12. [right-angled triangles by joining 3 vertices of regular 18-sided polygon] unsure
13. [years] 143
14. [perimeter] 035
15. [shaded triangle inside 36 small equilateral triangles] didn't get an answer in time but now I think it might be 120
16. [3f(x)] 087
17. [1 to 10 is written out 10 times; students rub 2 numbers out and replace with their sum + 1] 649
18. [sum] 21 is the smallest number so answer is 21^2 = 441
19. [mean of 3-digit primes that are 21 less than a square] (379 + 463)/2 = 421
20. [barcode with width 12, black strips at either end and black and white strips of length 1/2] unsure

But given that I spent about 3 minutes on each question, there's likely to be some mistakes in my answers.
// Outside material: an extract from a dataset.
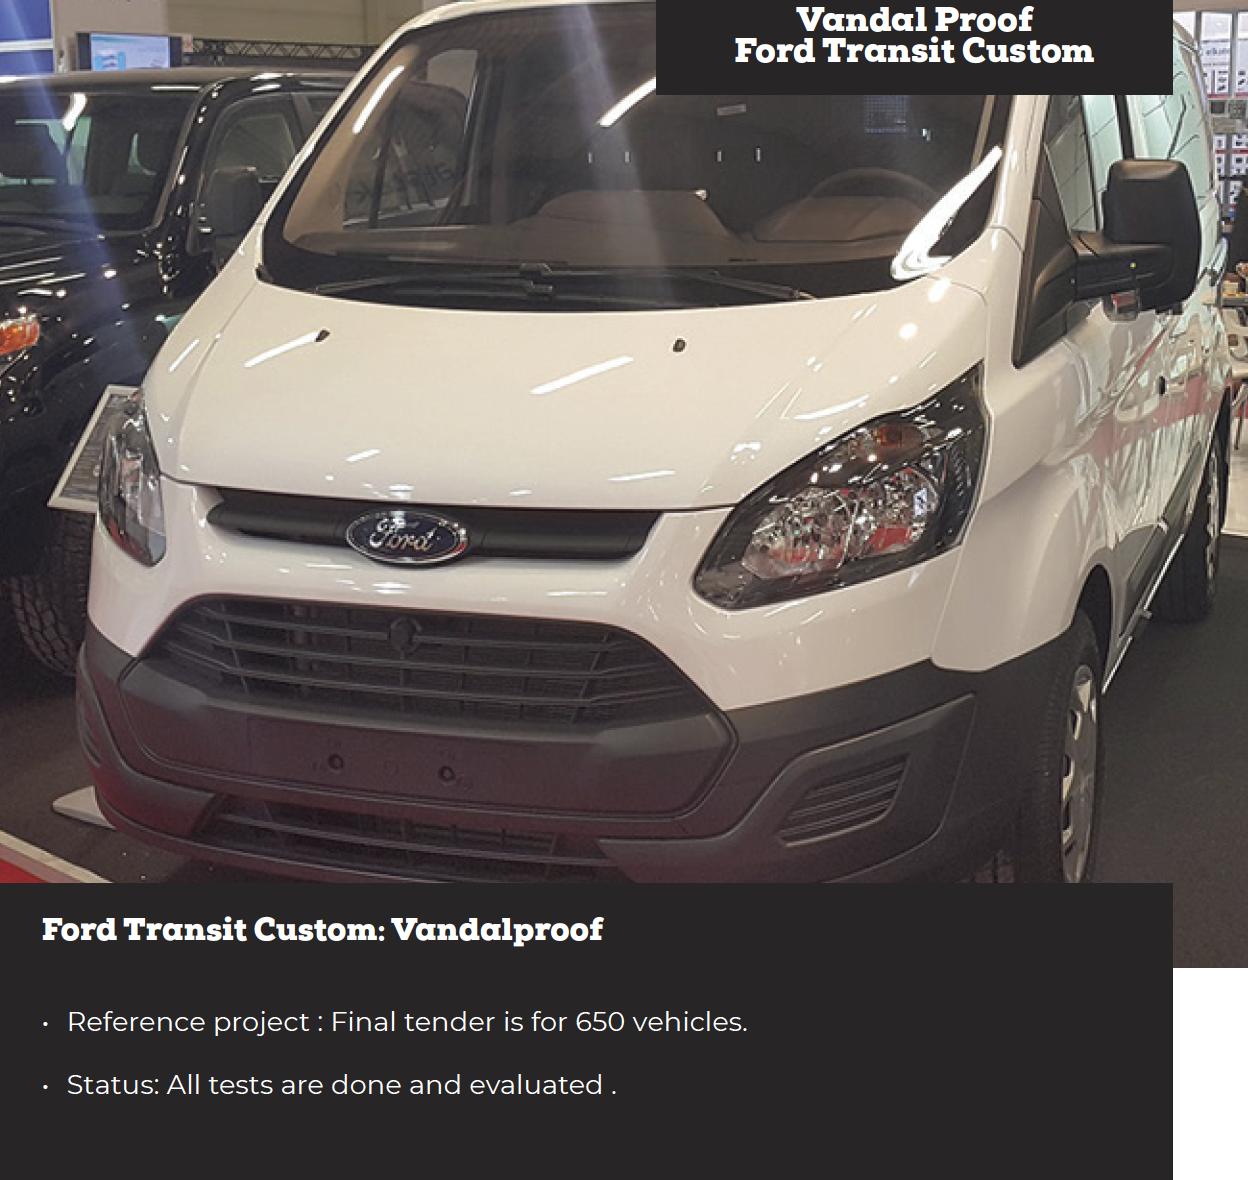 Vandal Prof Ford Transit

If anyone wants the exact wording of any of the questions, I can type them up.


Did the Kangaroo after the Olympiad this morning, my brain was fried haha :s-smilie:

I agree with your answers mostly:

5. 009 I think
9. I got 256, you don't need to work out the radii of the two circles.
10. You're right ahhhh, I completely ignored BIDMAS and added brackets i.e. (1+2)x3x4x5x6=1080 therefore 005.
11. I'm glad you got 183 because that's what I put and I wasn't checking my counting.
12. Gonna look at this later, couldn't think of a neat way of doing it earlier.
15. Yeah I got 120 using trig
17. Do you mean 064?
18. Don't be too upset Lauren, I squared 21 and got 442. Like how is that even a possibility hahahaha oops.
20. Ran out of time, will probably look at that if I get time later.
Original post by danielley
Did the Kangaroo after the Olympiad this morning, my brain was fried haha :s-smilie:

I agree with your answers mostly:

5. 009 I think
9. I got 256, you don't need to work out the radii of the two circles.
10. You're right ahhhh, I completely ignored BIDMAS and added brackets i.e. (1+2)x3x4x5x6=1080 therefore 005.
11. I'm glad you got 183 because that's what I put and I wasn't checking my counting.
12. Gonna look at this later, couldn't think of a neat way of doing it earlier.
15. Yeah I got 120 using trig
17. Do you mean 064?
18. Don't be too upset Lauren, I squared 21 and got 442. Like how is that even a possibility hahahaha oops.
20. Ran out of time, will probably look at that if I get time later.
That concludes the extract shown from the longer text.